Gambogenic acid

Gambogenic acid is an inhibitor of FGFR used in studies of MAPK / ERK Signaling and Protein Degradation / Proteasome. In practice, this places the compound in experiments that measure mitogenic kinase cascades, proliferation control, and differentiation-linked signaling and ubiquitin-dependent turnover, proteostasis, and targeted protein degradation in angiogenesis, cancer, and cell signaling models.
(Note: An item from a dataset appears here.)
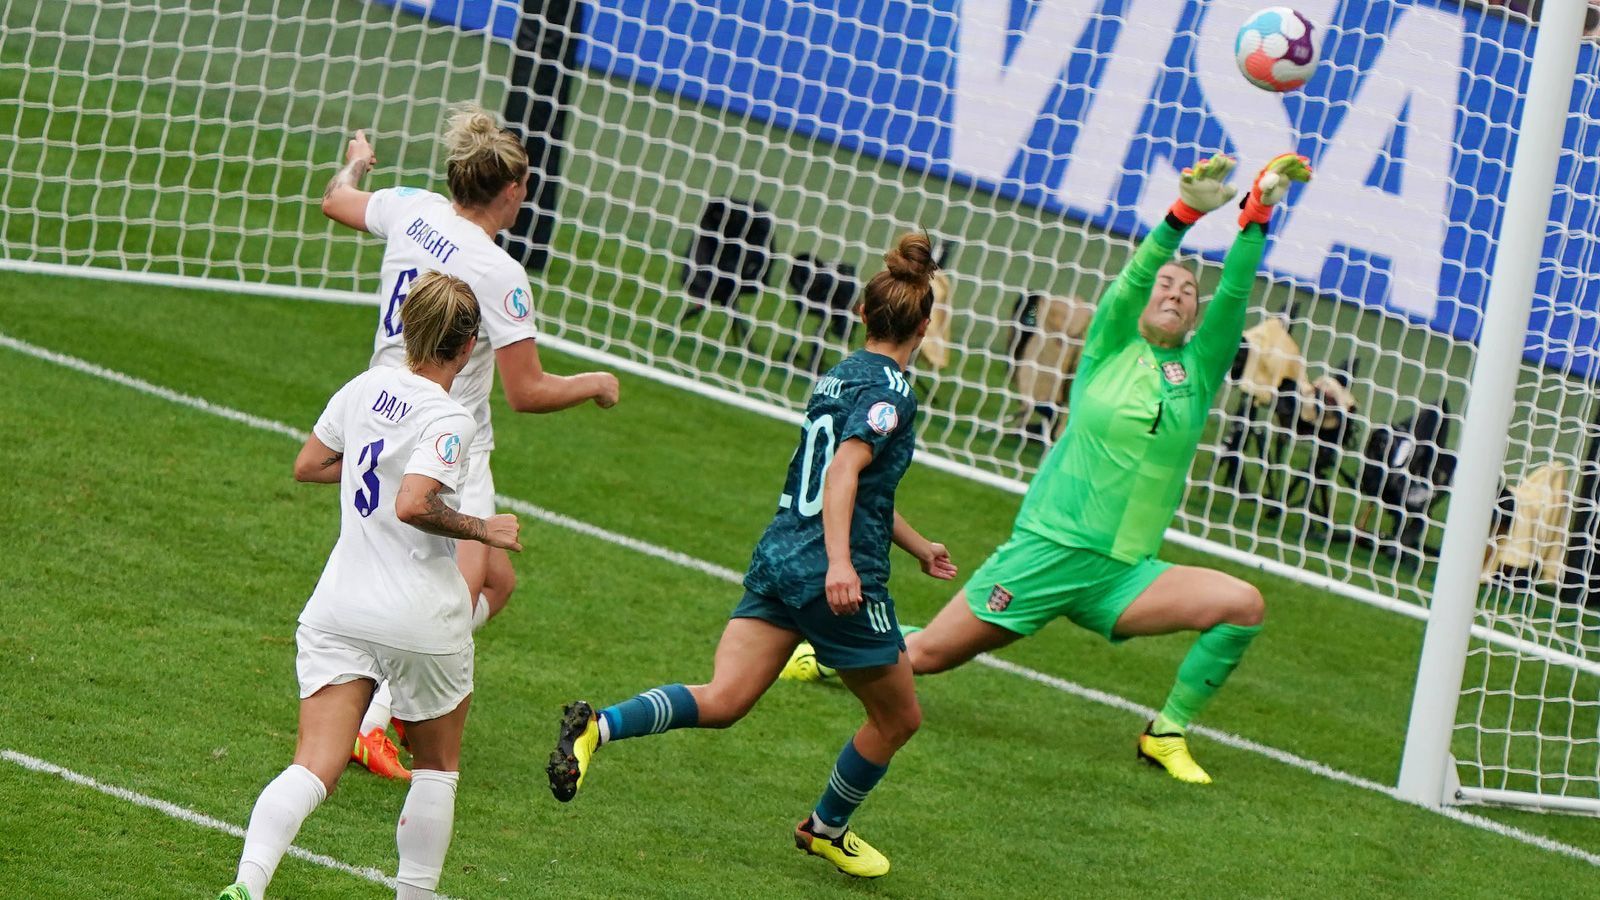 
                <strong>Die Einzelkritik der DFB-Frauen im Finale gegen England</strong><br>
                In einem denkwürdigen Finale vor über 80.000 Zuschauern im Wembleystadion verlieren die deutschen Frauen gegen England mit 1:2 nach Verlängerung. Wir haben die Spielerinnen des DFB-Teams benotet.

By inhibiting FGFR, Gambogenic acid can be used to examine mitogenic kinase cascades, proliferation control, and differentiation-linked signaling and ubiquitin-dependent turnover, proteostasis, and targeted protein degradation. The kinase annotation adds relevance to biochemical kinase assays, phospho-signaling studies, and selectivity profiling, together with downstream-response mapping in the same experimental setting. In angiogenesis, cancer, and cell signaling models, these readouts can be combined with viability, reporter, localization, biochemical conversion, or morphology endpoints to refine experimental interpretation.

Research Applications

• Target-focused assays involving FGFR
• Pathway perturbation studies connected to MAPK / ERK Signaling and Protein Degradation / Proteasome
• Concentration-response inhibition and target-dependence studies
• Biochemical kinase assays, phospho-signaling studies, and selectivity profiling

Overall, Gambogenic acid is appropriate when a defined chemical perturbant is needed to connect FGFR with measurable biochemical, transcriptional, electrophysiological, imaging, or phenotypic readouts in angiogenesis, cancer, and cell signaling models. This profile is suited to mechanistic follow-up, comparative profiling, and assay optimization under defined exposure conditions.